Why are some people fine with disc bulges and others have constant, gripping, neuralgic type pain?  Aside from everything I’ve said about how pain and the brain work, it’s important to recognise that if a spinal nerve is physically irritated, this can push you into a whole different domain.  As was explained to one of my patients by her orthopaedic surgeon, it depends on the size of the bulge, the size of the nerve and the size of the space the nerve normally occupies.

Small prolapse, small nerve, big space means potentially no pain, or mild transient pain.  But, big prolapse, big nerve, small space may mean a big pain.

Some people are prone to disc prolapses – a bit like heart disease can run in families, so can disc problems. I have seen a few patients who have had more than 3 disc prolapses, and most of them have relatives who are in the same boat.  It’s almost certain that you just have poor discs, and that this predisposes you to tears. All the advice here still applies – you’re just starting further down the cliff.

Bearing load in the most spine-sparing way possible is vitally important for someone with disc problems.  If you’re lucky enough to improve, DON’T take it for granted.  If one disc has gone wrong, there’s a greater chance that another one could follow (or the same one again).  Follow all the advice around peak, cumulative and sustained load and make sure you are picking out as many preventers as possible.

Lots of people around you won’t understand how bad this is, or what a life-changing effect it’s having on you.  Don’t get mad at them – this will only make your situation worse.  Focus on what’s right for you, and look for support from those who seem keen to give it.  You will tire quickly and can’t afford battles with people who just don’t get it.  If your doctor isn’t sympathetic, find another one.

It’s often valuable to connect with others who have had similar problems; you may feel reassured to hear how they’ve overcome similar issues.  Other sufferers can help with motivation – encouraging you when you need it most, and maybe commiserating when things are not going so well.  But remember that your situation is unique – no one has experienced your back problem, only you.  So sometimes you need to take their advice with a pinch of salt.  Use the Cliff of Pain framework to stay focused on your own particular set of challenges.

Discs have no direct blood supply and so their nutrients come in slowly from the bones above and below.  Any necessary healing will take considerably longer than in most tissues.  Don’t expect a quick fix.  But, again, if you follow the principles here you stand an excellent chance of getting better.

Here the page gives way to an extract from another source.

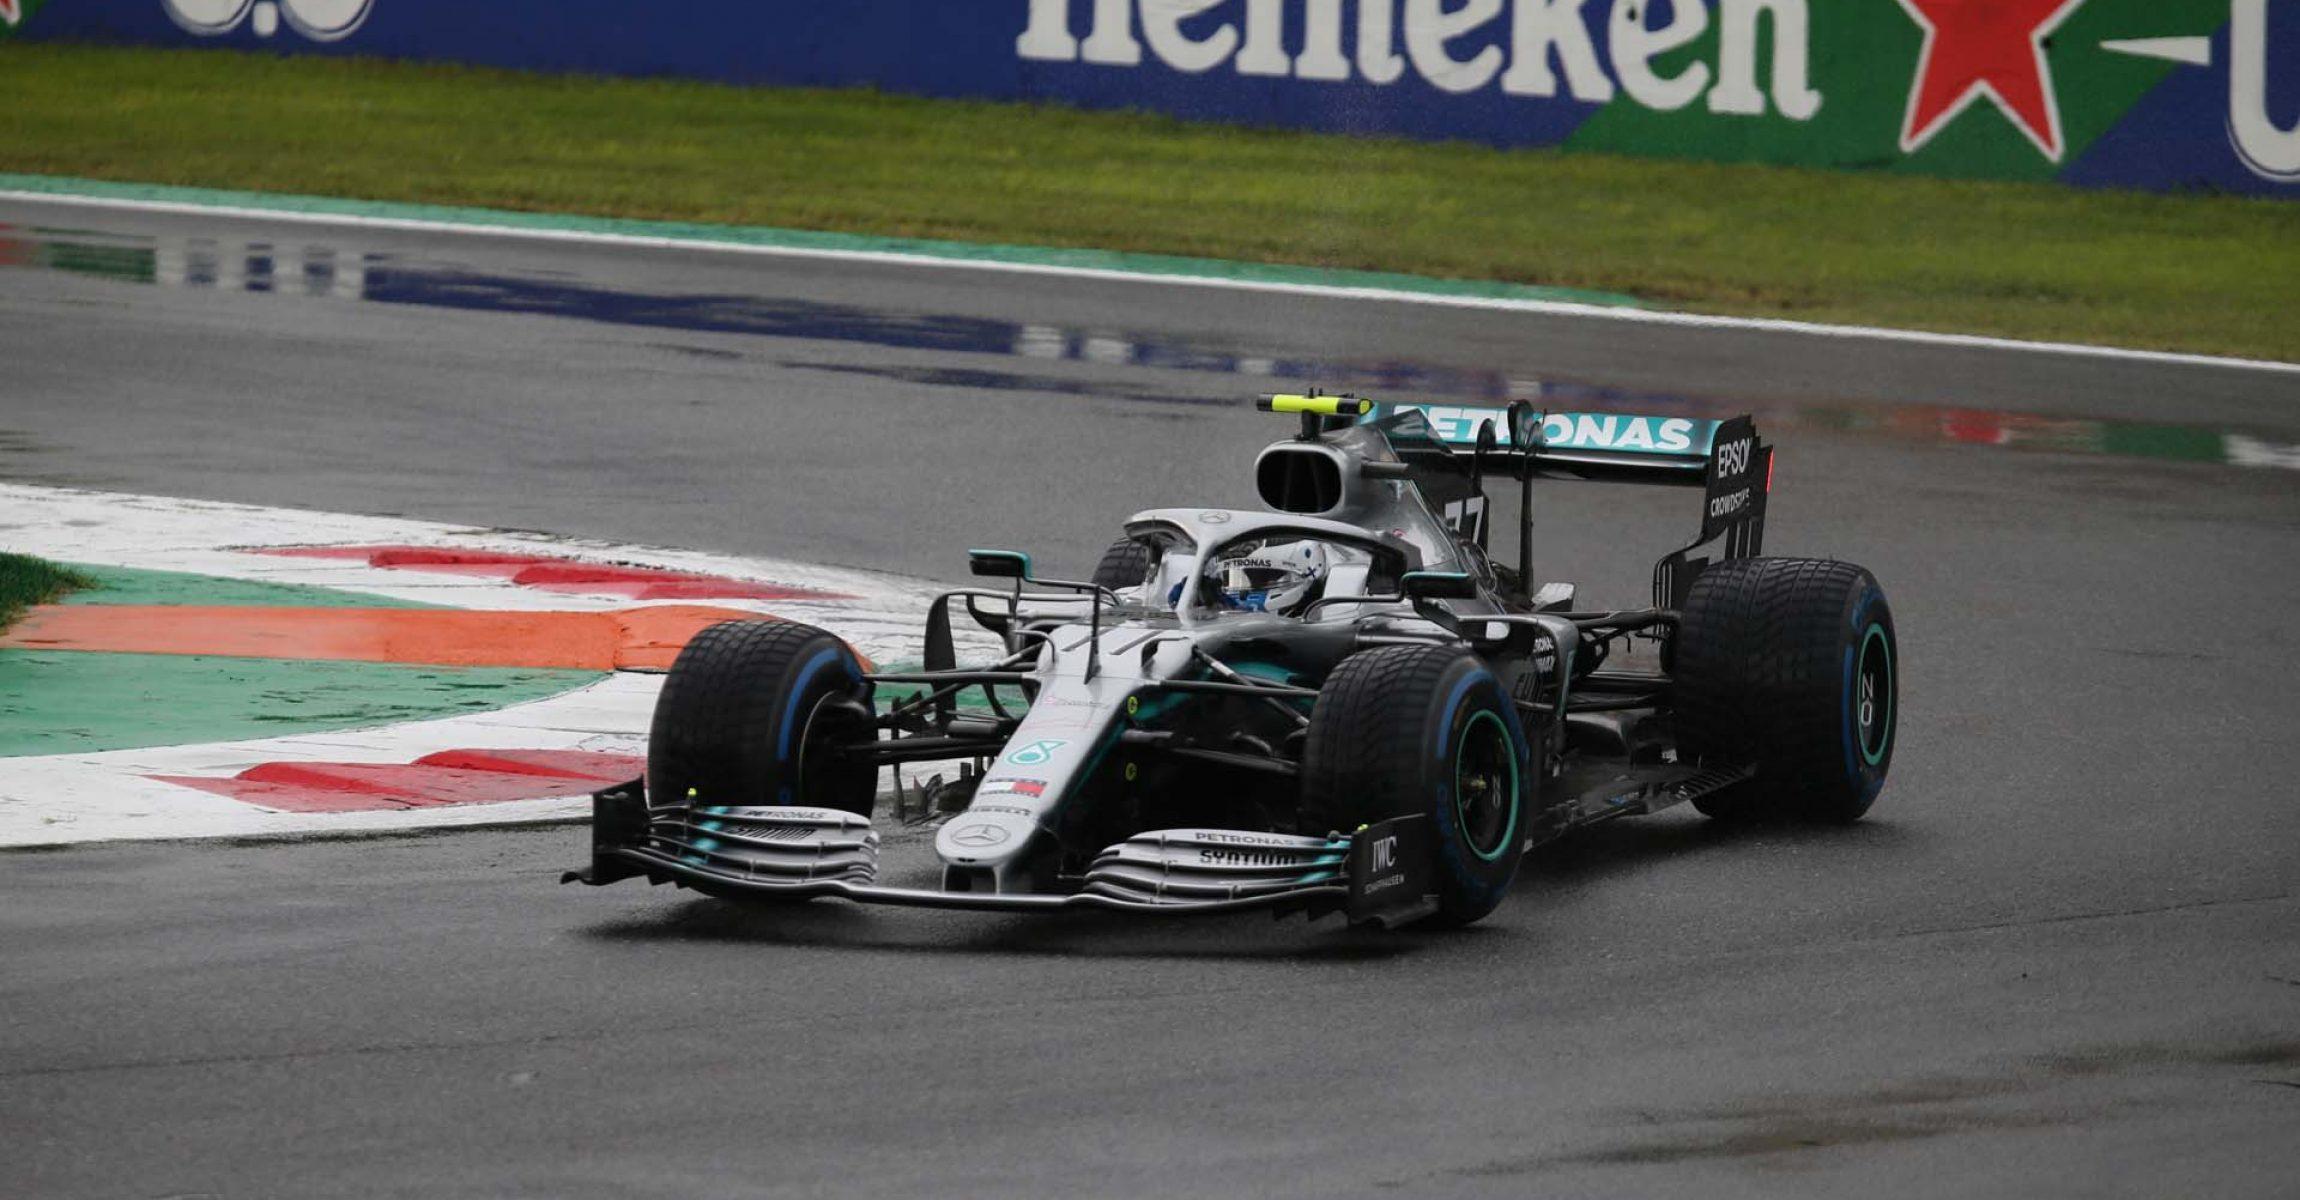 Italian Grand Prix 2019, Monza, Friday, Valtteri Bottas Mercedes

Nerves on the other hand do have a good blood supply.  The problem with nerves is that, once irritated, they tend to stay at a high level of irritability for quite a while afterwards. If you’ve ever given your “funny bone” a really good bang, you’ll know that your forearm and hand can be not quite right for months afterwards – that’s because your funny bone is really your ulnar nerve passing round the back of the elbow.  Once traumatised, it’s going to stay raw for a while.

So, discs and nerves can heal, but they take a good deal longer that other tissues.